Edinburgh Airport’s chief executive has accused First Minister Nicola Sturgeon of campaigning against his industry as he criticised the Scottish Government over airport coronavirus testing.
Gordon Dewar said ministers have thrown up “hurdle after hurdle” to an airport testing regime, leaving Scotland as the last country in Europe without such a system in place.
He also said plans for the vaccine rollout will not be fast enough to prevent the demise of large parts of the aviation industry.
Speaking to Holyrood’s Covid-19 Committee on Thursday, Mr Dewar said passenger numbers are currently down by 95% from last year.
He said: “We’ve spent the last three months, nearly four now, trying to agree and implement a robust aviation testing regime.
“Hurdle after hurdle has been thrown at us and put in our way.
“We’re now in the bizarre position of possible having to submit an FOI (freedom of information) request to see a submission to ministers containing a proposed solution.”
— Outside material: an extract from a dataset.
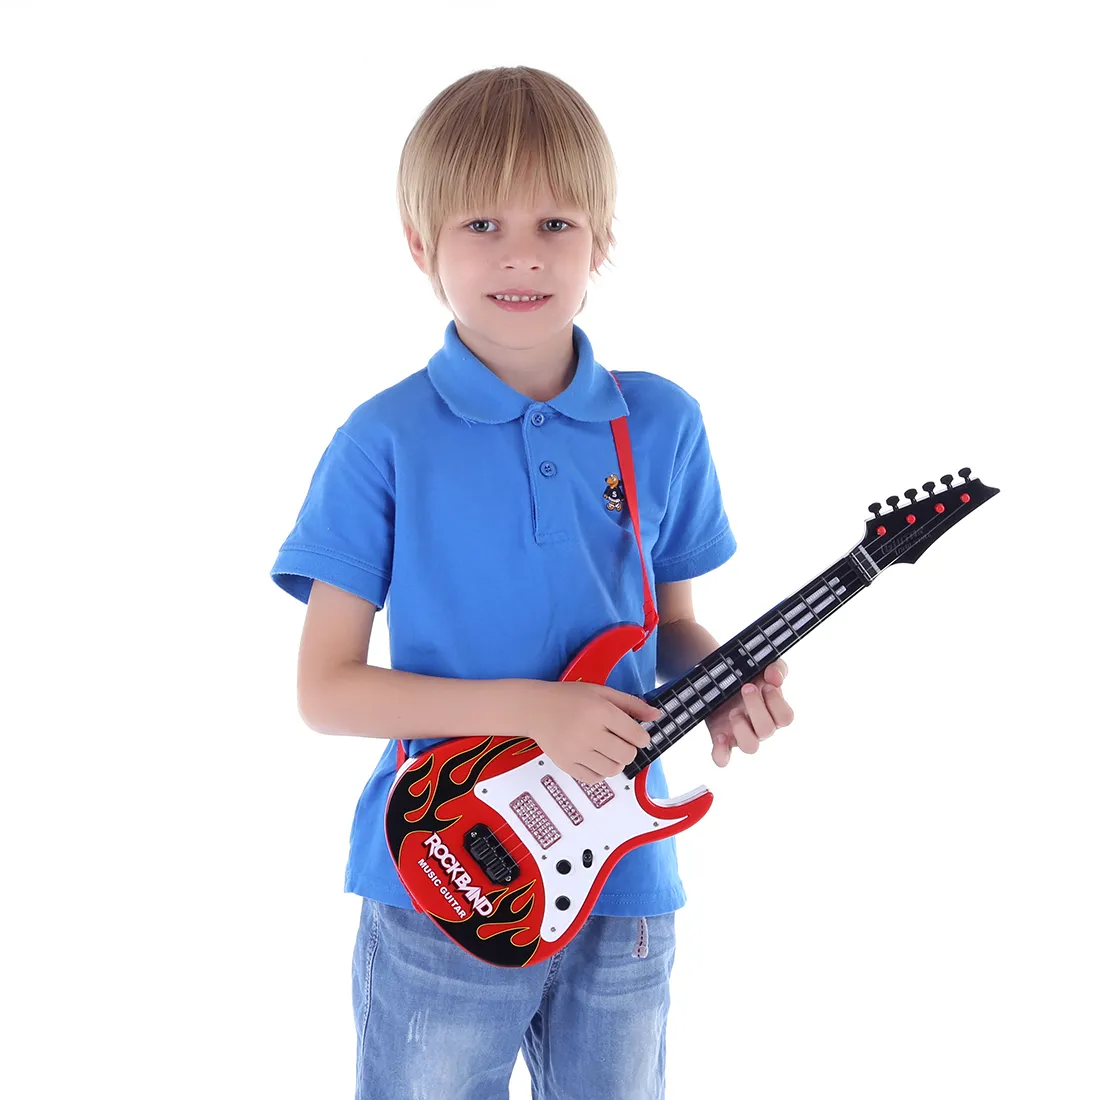 Hohe Qualität Hot 4 Saiten Musik E-gitarre Kinder Musikinstrumente Lernspielzeug für Kinder Weihnachten Neujahr Geschenke LJ200907
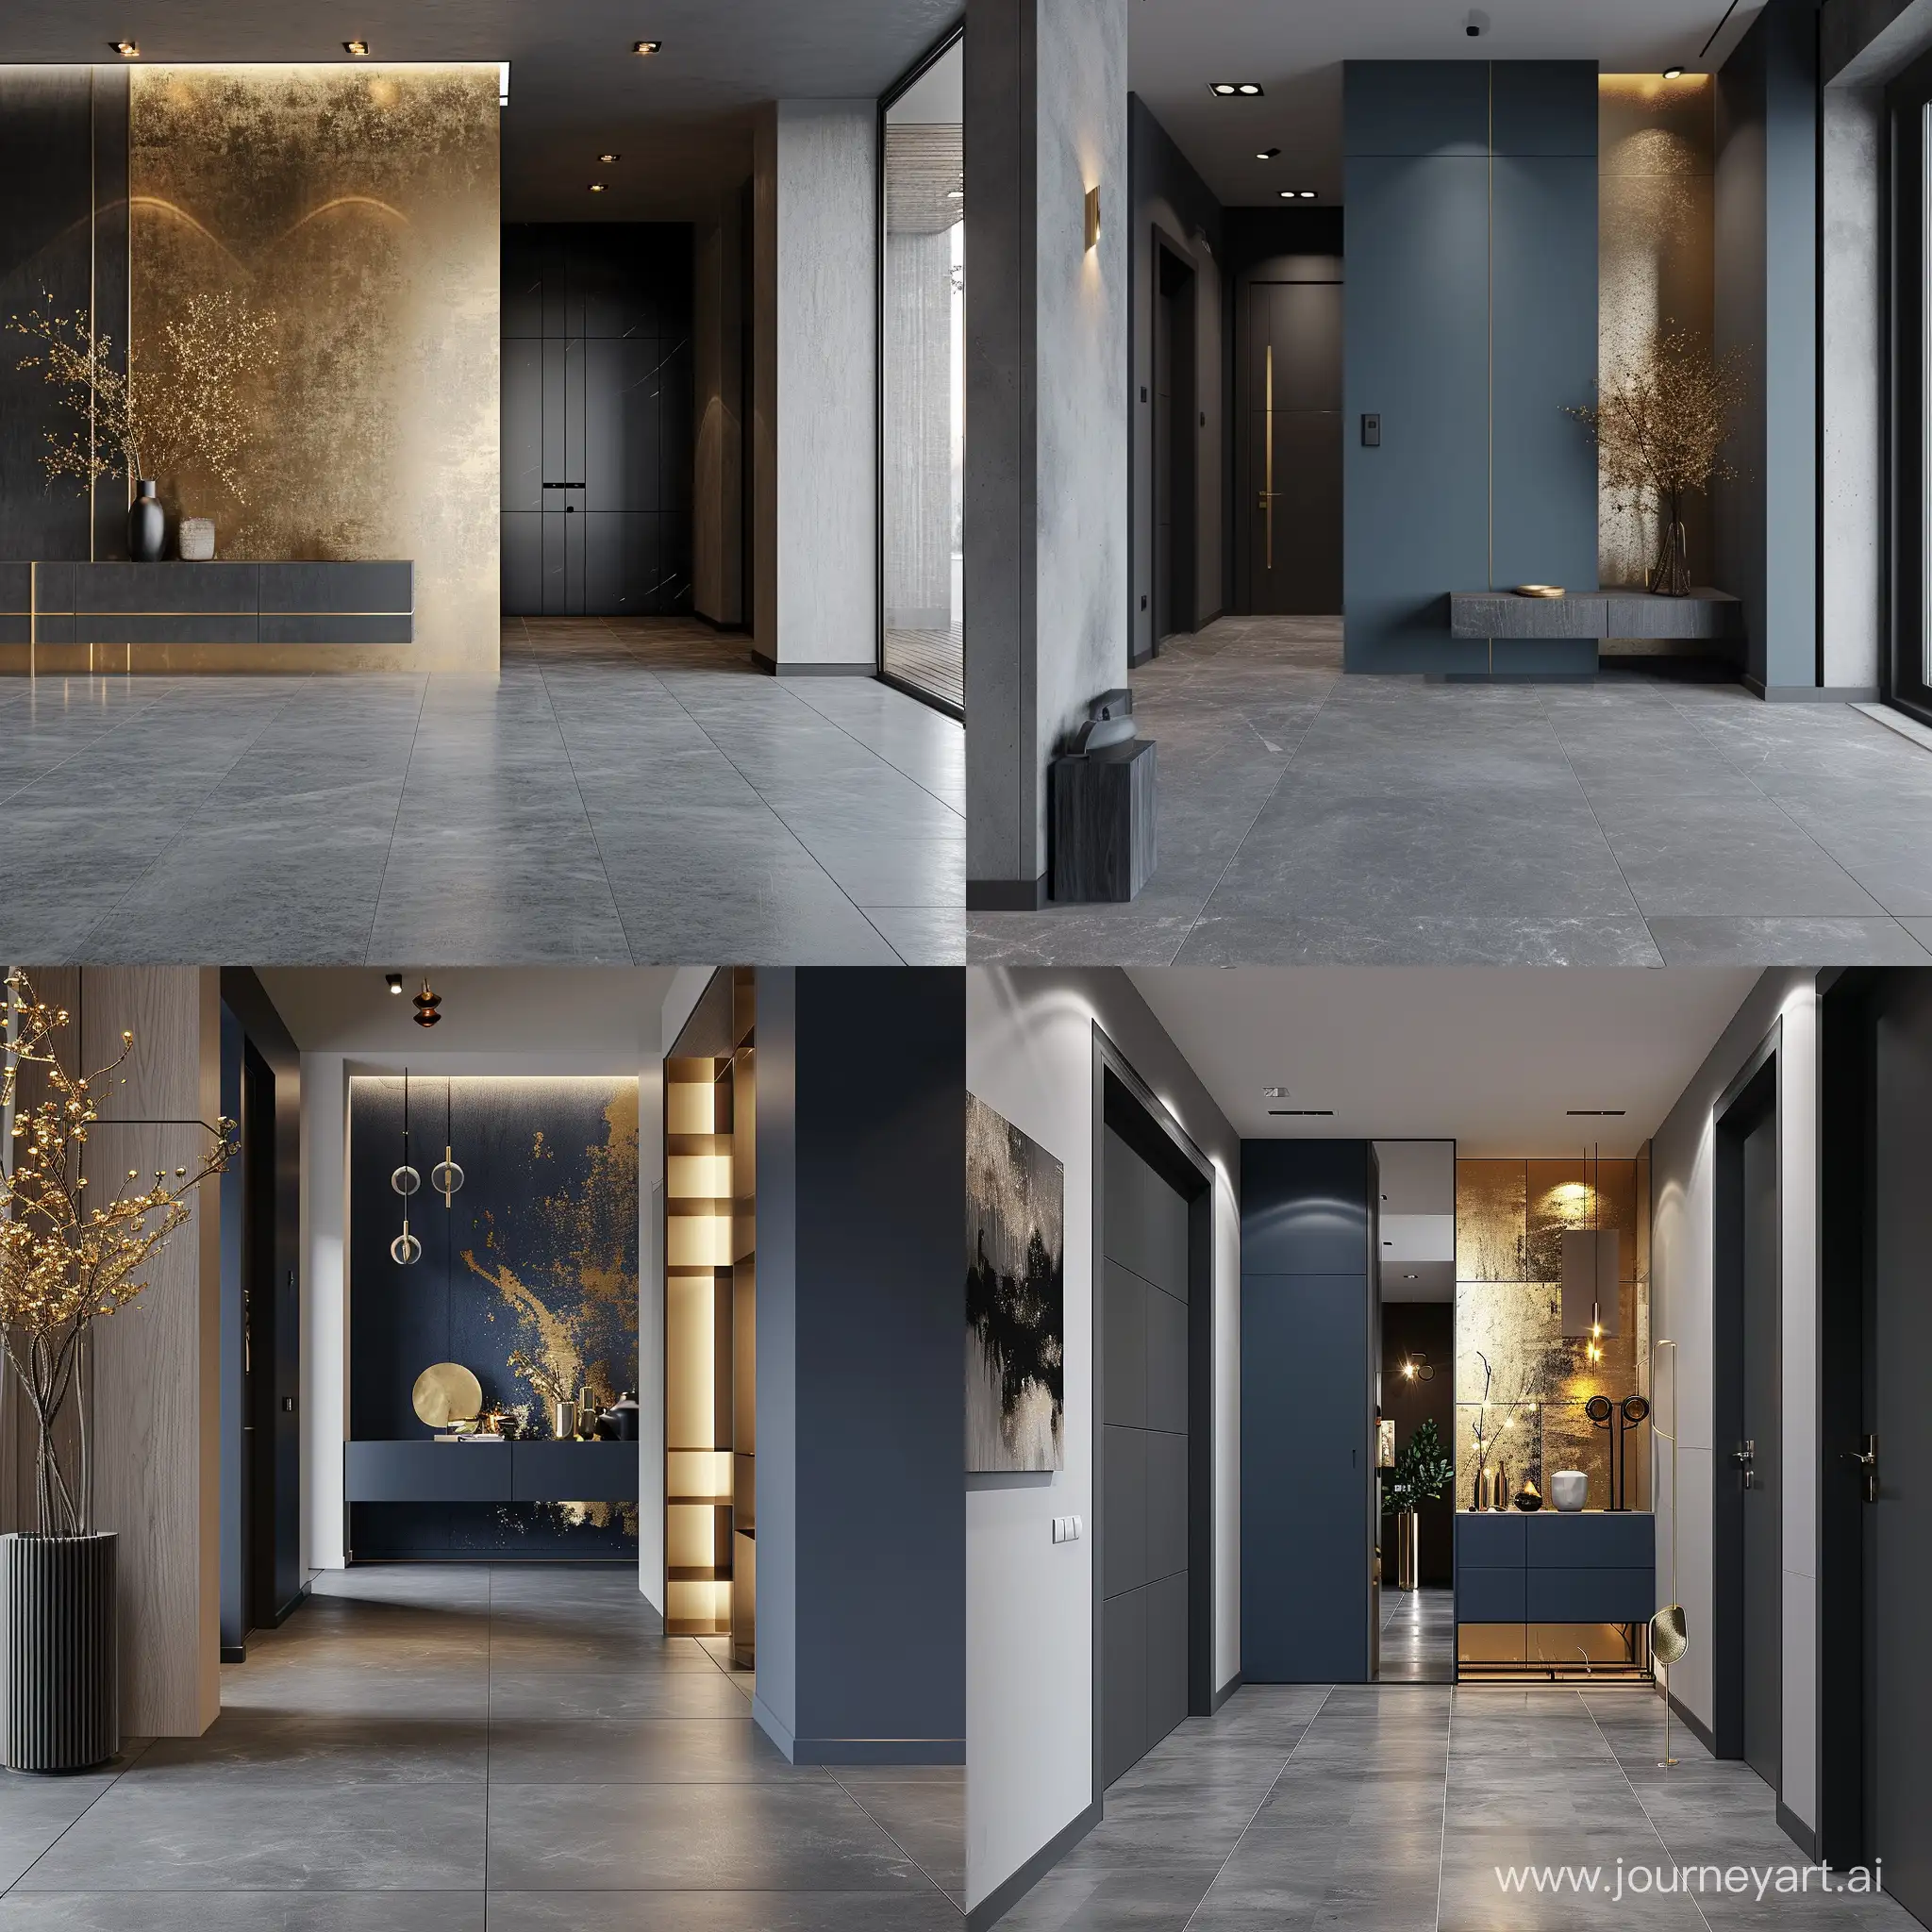 Ingresso appartamento stile moderno pavimento grigio.  colore dominante medium Blue, dettagli oro

He said quarantine arrangements, which require incoming passengers to self-isolate for 14 days, are not working as only about 65% of travellers are observing the restrictions.
While the airport has a testing system in place, he said, it is mainly to service the pre-flight requirements of other nations.
He said: “We are still the only country in Europe – and I repeat that, the only country in Europe – that is not using a testing regime to support and make flying safe again.”
As well as the testing regime, he called for a year-long holiday on the air passenger duty tax to encourage airlines to continue offering flights to Scotland as their fleets reduce.
He referred to comments made by Nicola Sturgeon at Wednesday’s coronavirus briefing, when the First Minister said she would not “right now” be booking summer holidays due to the uncertainty about the state of the pandemic around the world.
Mr Dewar said: “Yesterday, the First Minister actively called for people not to book their summer holidays next year.
“We’ve got the First Minister campaigning against our industry.”
Plans for rolling out the vaccine are “woefully inadequate” to make a difference to the tourism industry, he said.
Mr Dewar added: “Unless we get the vaccine deployed by early summer and late spring, we’re actually going to be facing a 29-month winter.
“And let me tell you there are very, very few of the companies in that sector that will survive that.”
Committee member Annabelle Ewing asked Mr Dewar about the genomic research into Covid-19 that was revealed on Wednesday, pointing to the role of travel in reseeding the virus around Scotland during the summer of 2020.
Mr Dewar said: “I had a look at that and what it certainly demonstrates is that quarantine didn’t work.”
Ms Ewing responded: “We’re going through a pandemic and each country will try the best it can to do the best it can.
“But certainly before the second wave in Scotland we were doing pretty well indeed.”